Start of SUPPLIED RECORDS

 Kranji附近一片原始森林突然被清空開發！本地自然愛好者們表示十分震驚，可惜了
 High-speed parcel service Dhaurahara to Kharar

End of SUPPLIED RECORDS
Start of SUPPLIED RECORDS

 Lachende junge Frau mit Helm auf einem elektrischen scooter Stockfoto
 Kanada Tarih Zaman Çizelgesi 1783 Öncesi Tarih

End of SUPPLIED RECORDS

Using the data above, reproduce exactly the lines between those holding "Kranji附近一片原始森林" and "High-speed parcel service", inclusive, and no others.

▶ THE COMPLETED TASK
 Kranji附近一片原始森林突然被清空開發！本地自然愛好者們表示十分震驚，可惜了
 High-speed parcel service Dhaurahara to Kharar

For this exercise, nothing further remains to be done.